** Dataset content follows **

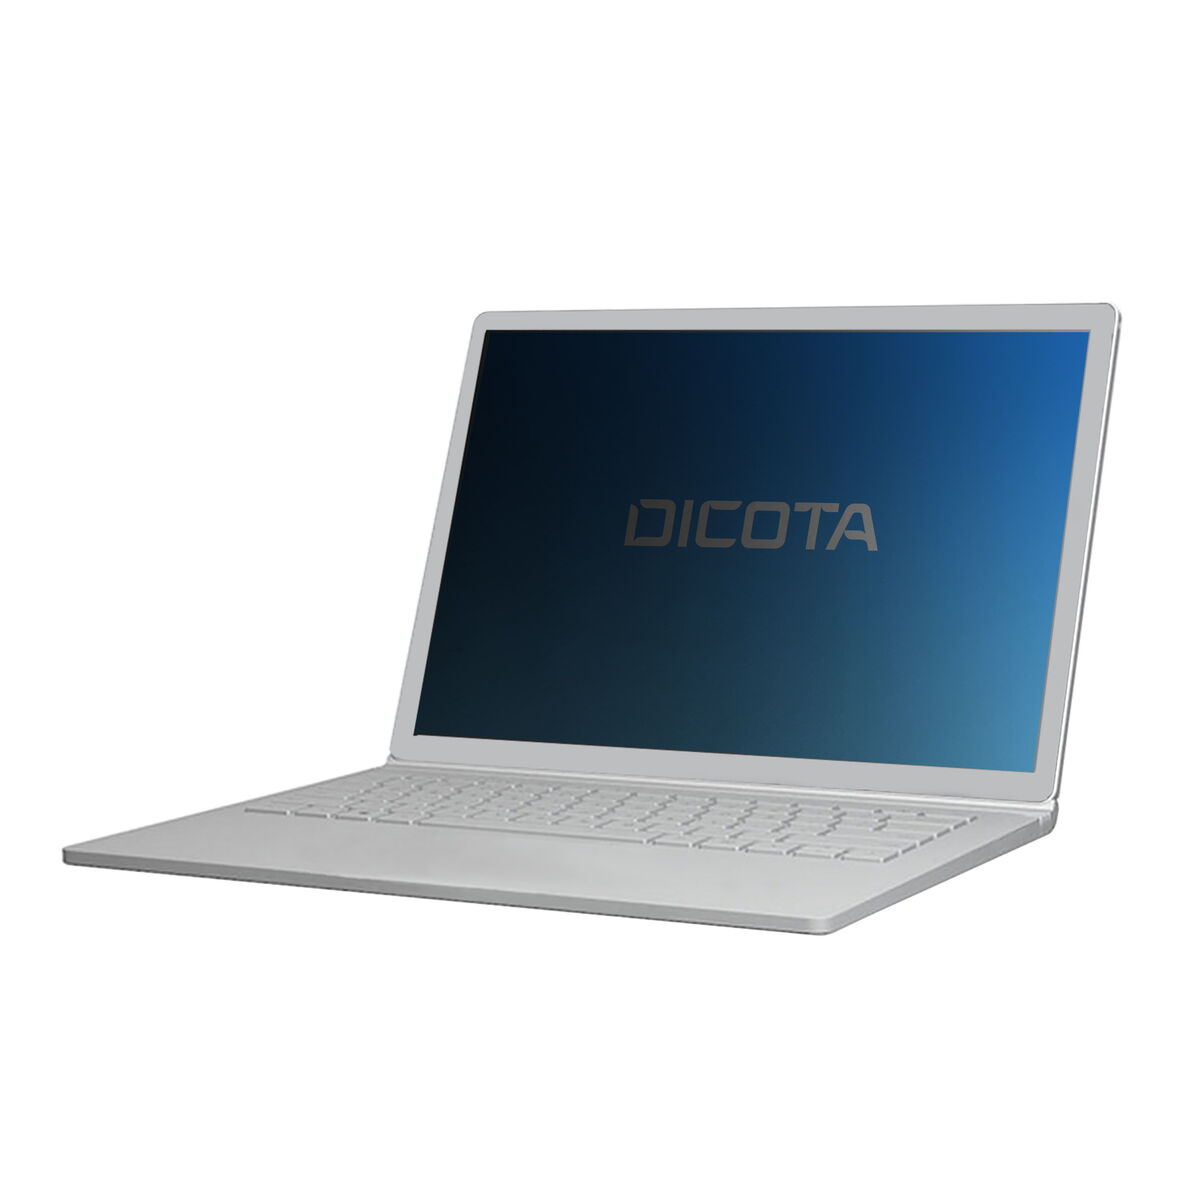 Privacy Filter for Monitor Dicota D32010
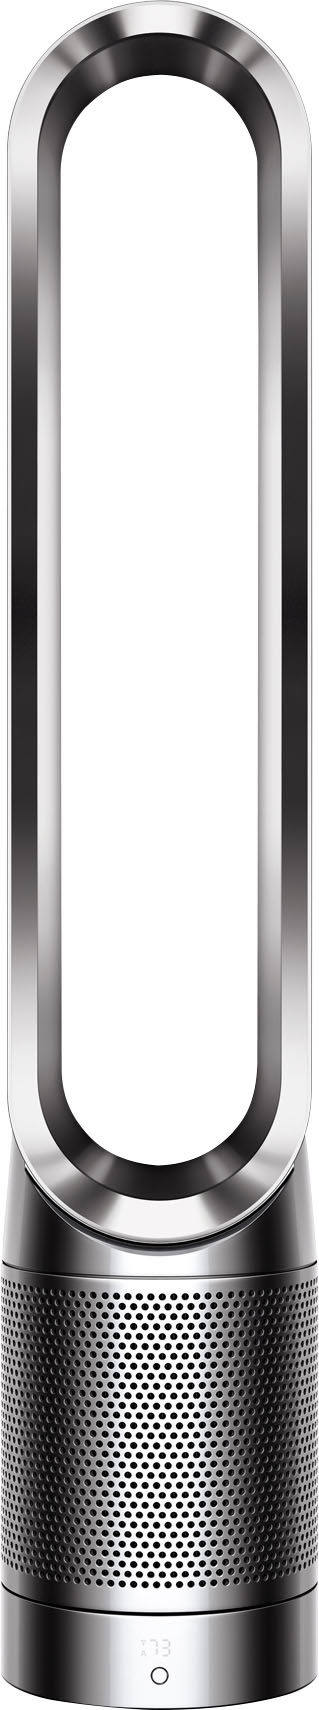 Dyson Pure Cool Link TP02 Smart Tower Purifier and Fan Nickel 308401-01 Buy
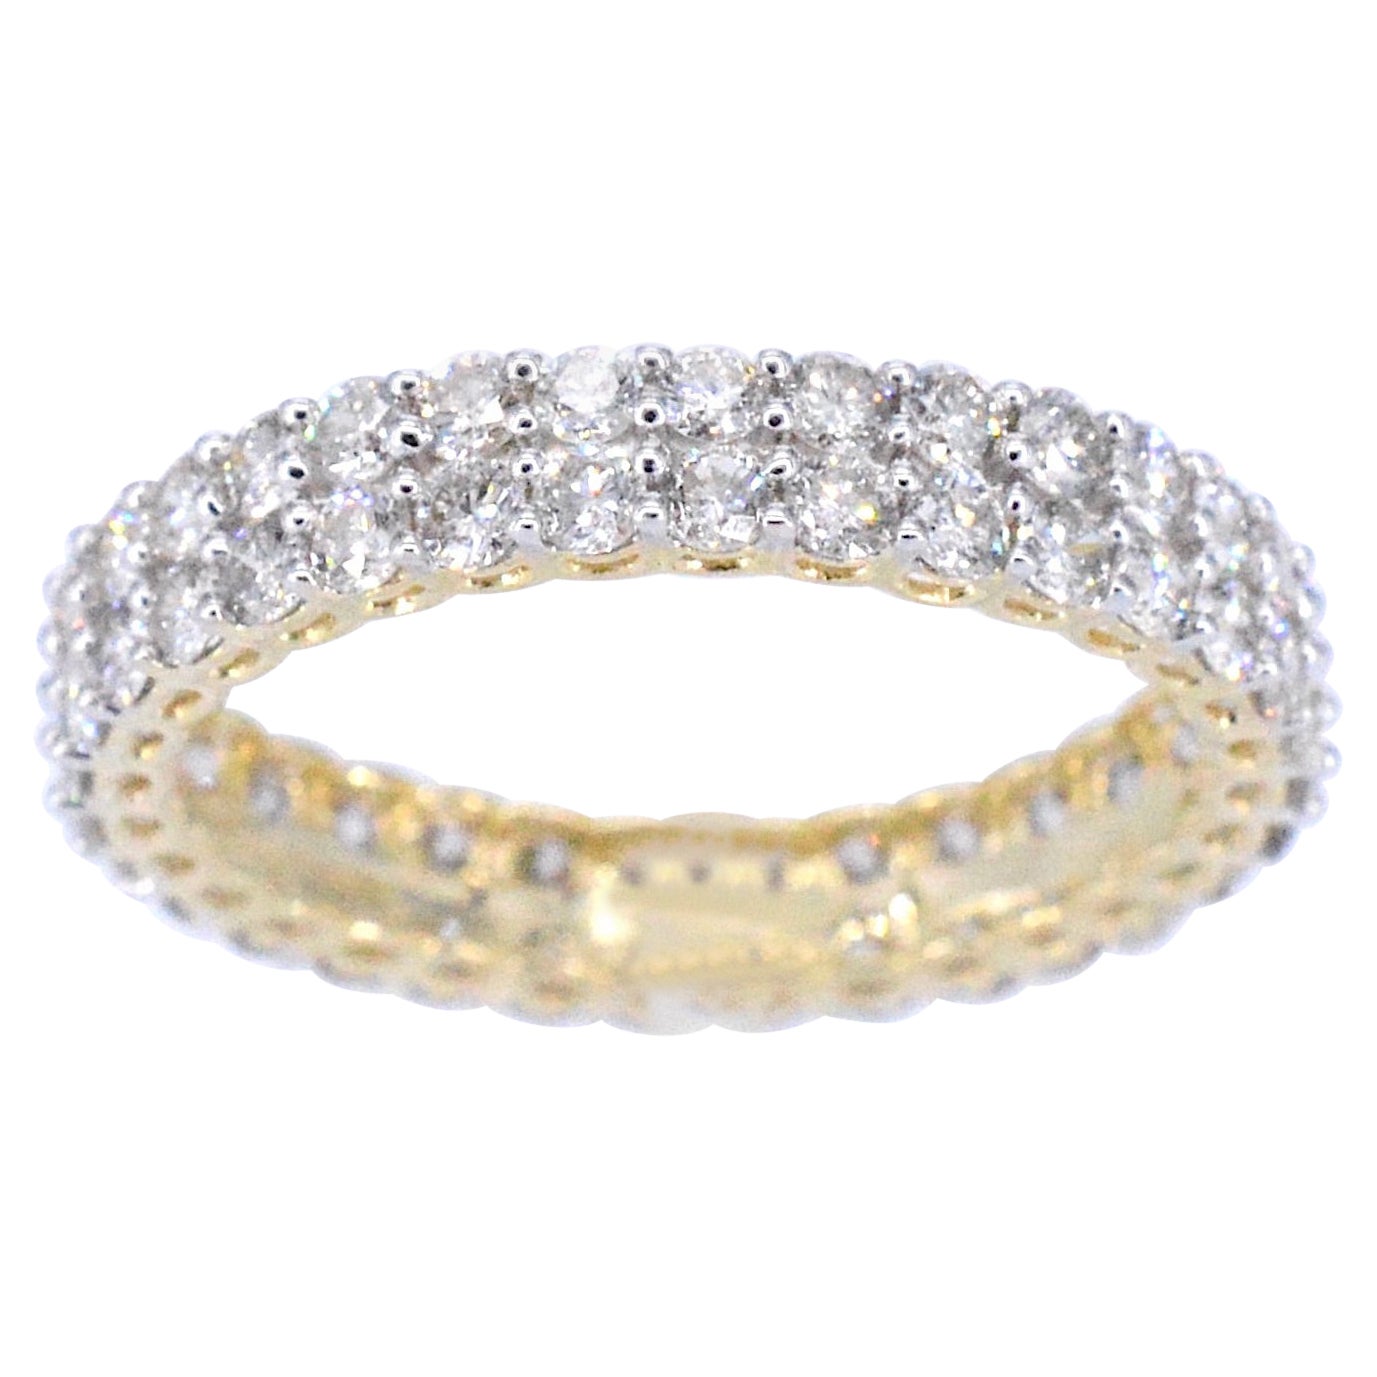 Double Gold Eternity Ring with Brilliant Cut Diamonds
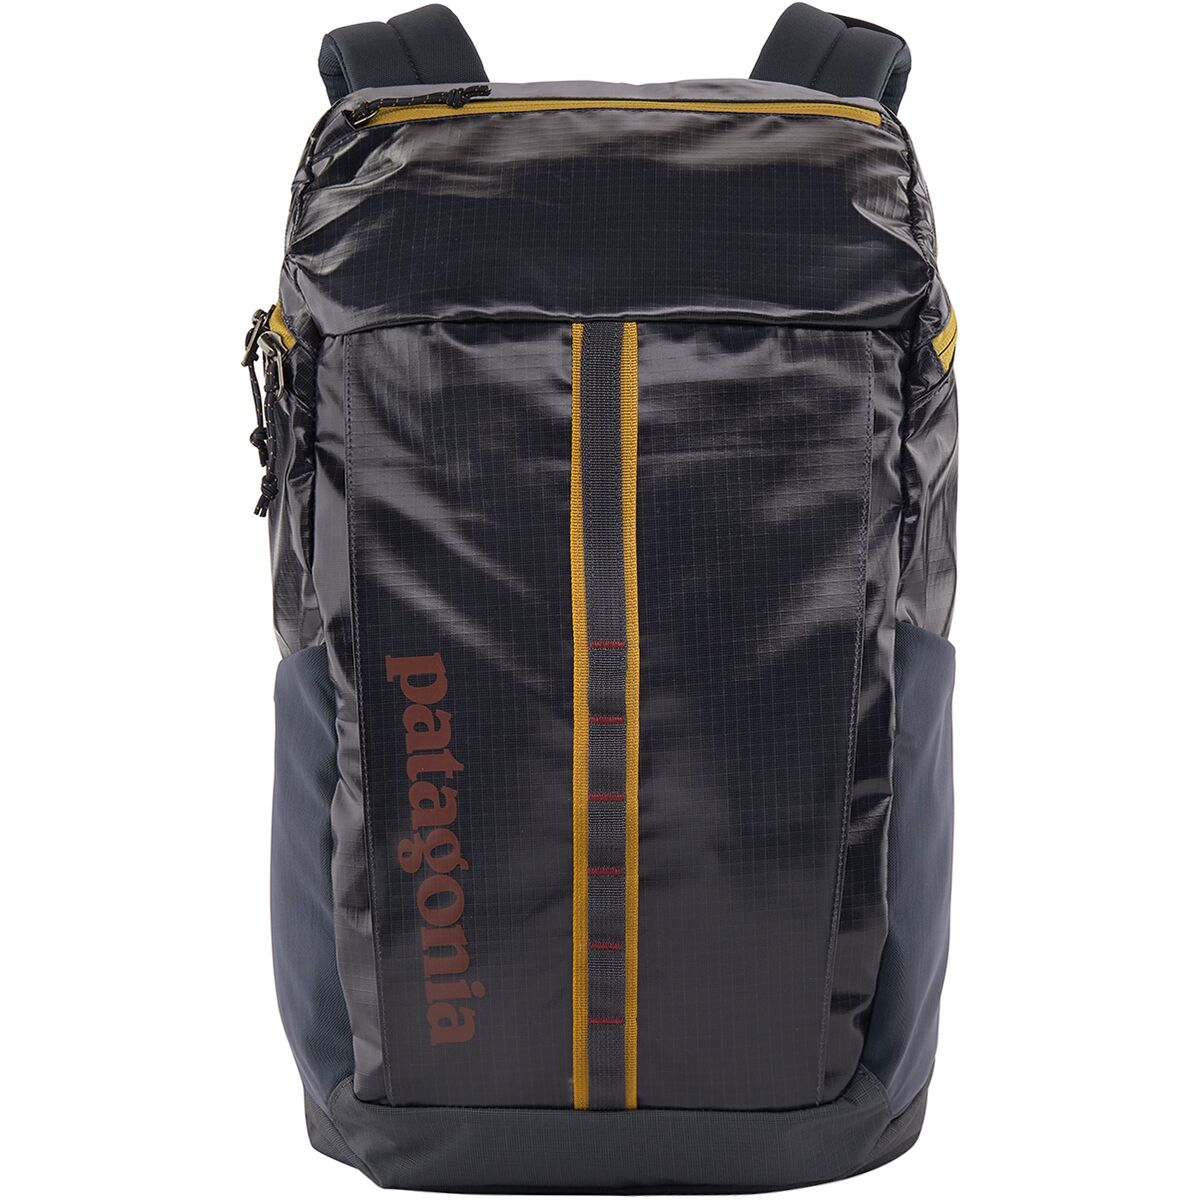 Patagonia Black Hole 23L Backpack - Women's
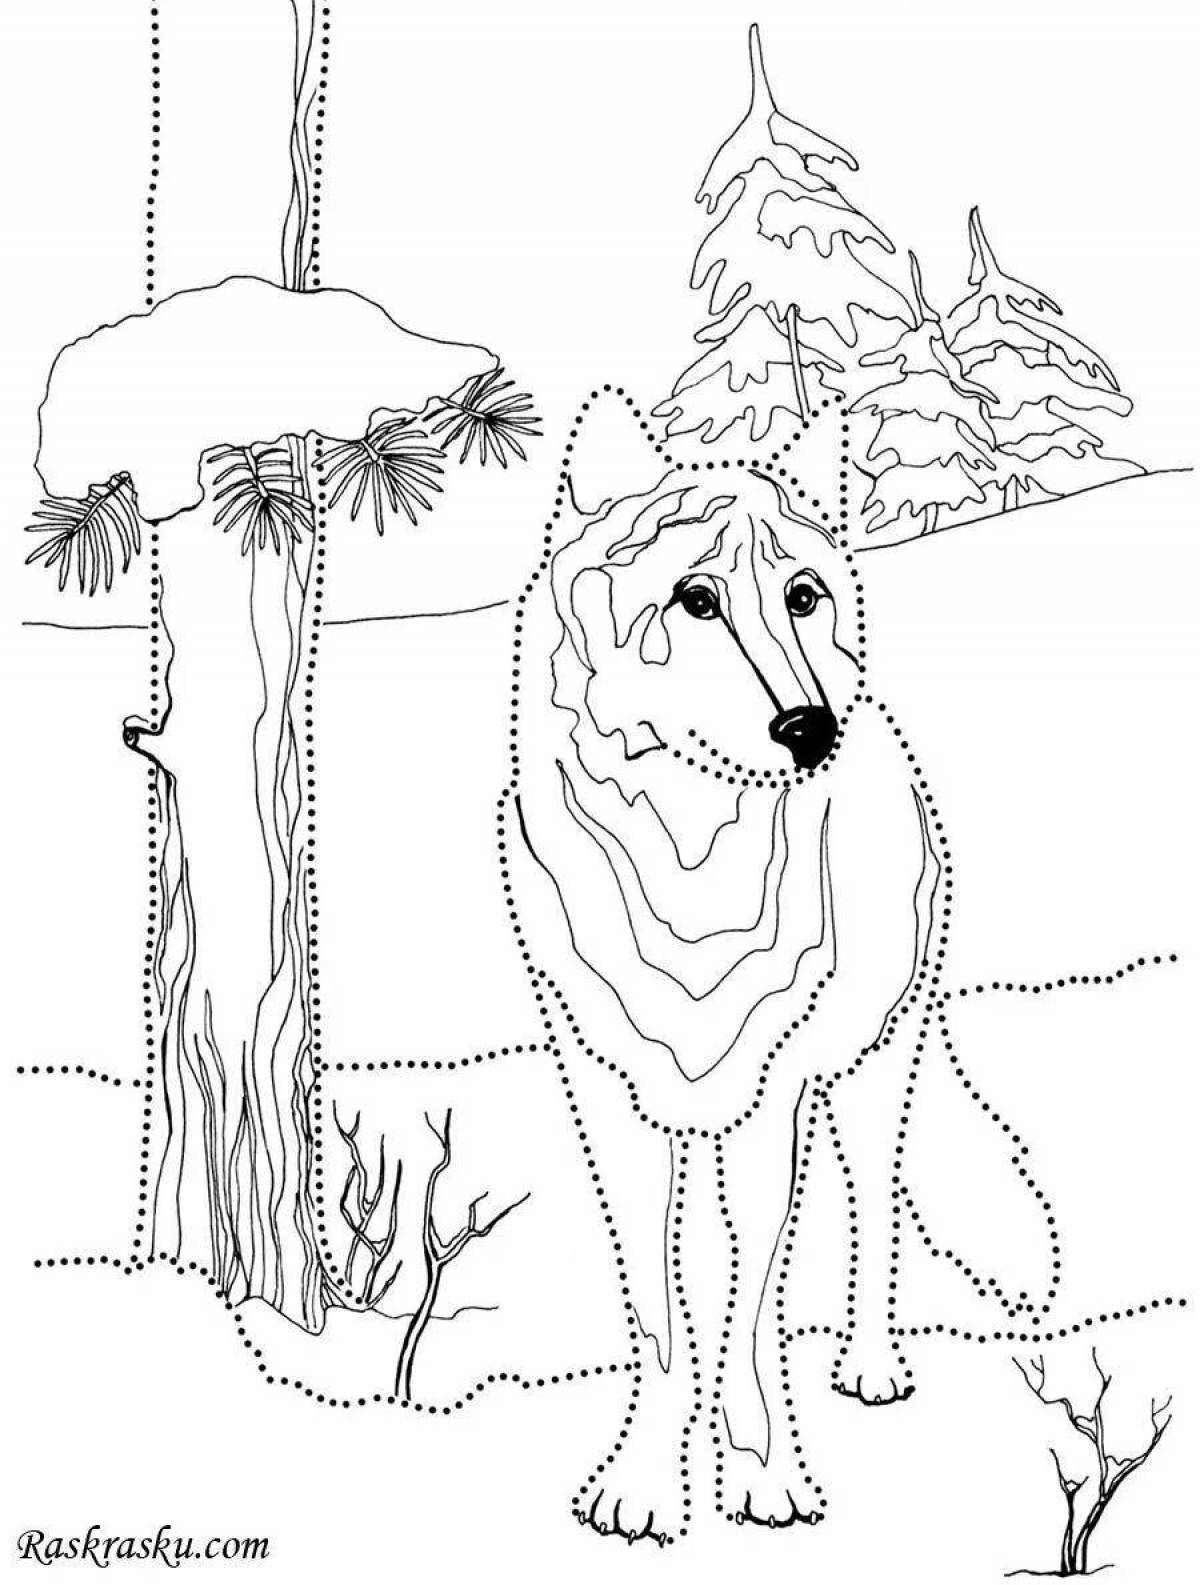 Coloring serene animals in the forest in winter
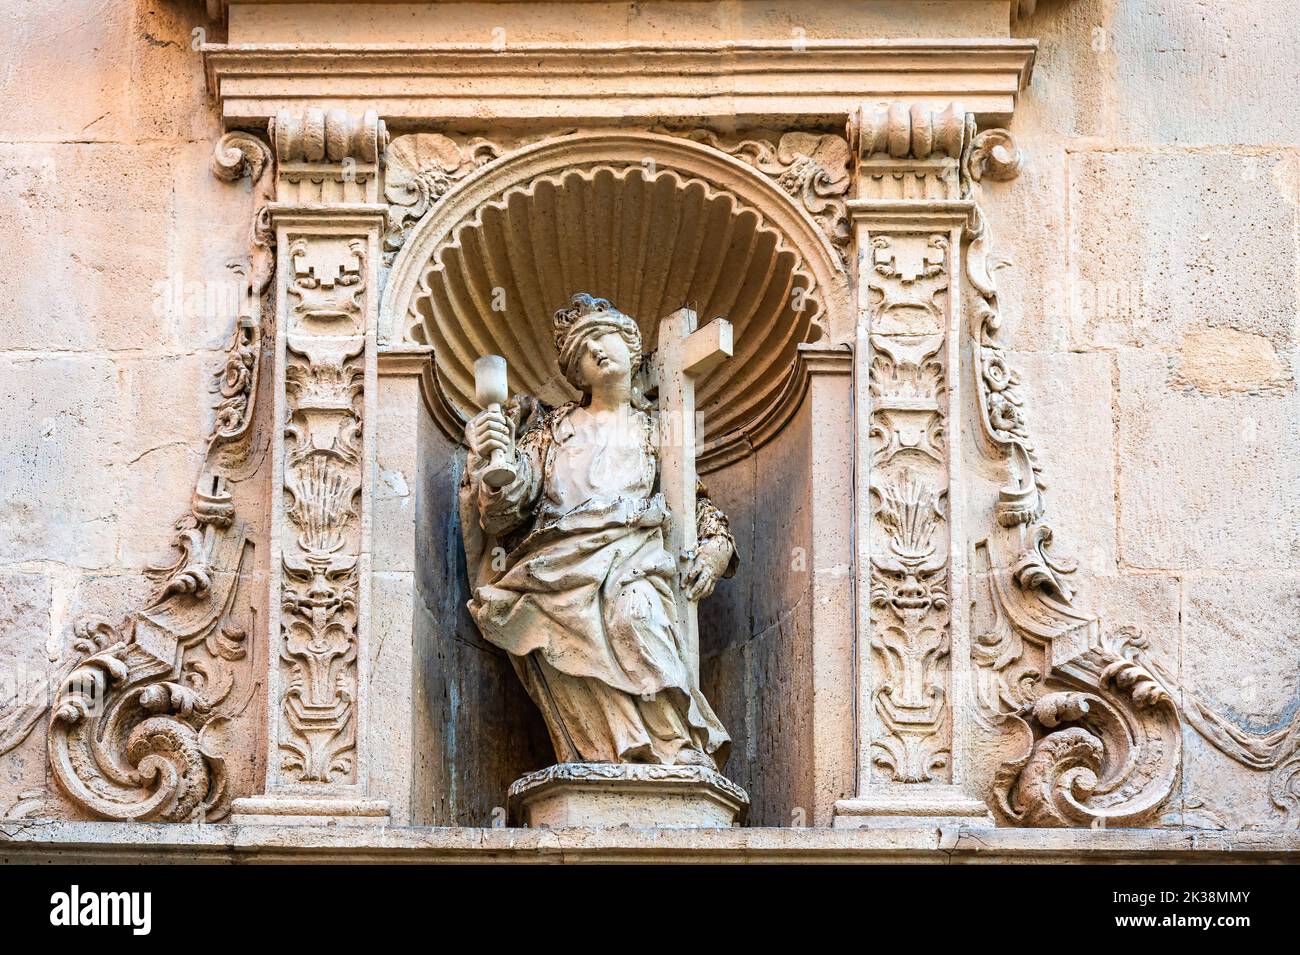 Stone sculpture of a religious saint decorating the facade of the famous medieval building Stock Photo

** End of Dataset content **

## Task:
An exact copy of every entry above is needed, with the pictures left out.

## Output of the task:
 Privacy Filter for Monitor Dicota D32010
 Dyson Pure Cool Link TP02 Smart Tower Purifier and Fan Nickel 308401-01 Buy
 Double Gold Eternity Ring with Brilliant Cut Diamonds
 Patagonia Black Hole 23L Backpack - Women's
 Coloring serene animals in the forest in winter
 Stone sculpture of a religious saint decorating the facade of the famous medieval building Stock Photo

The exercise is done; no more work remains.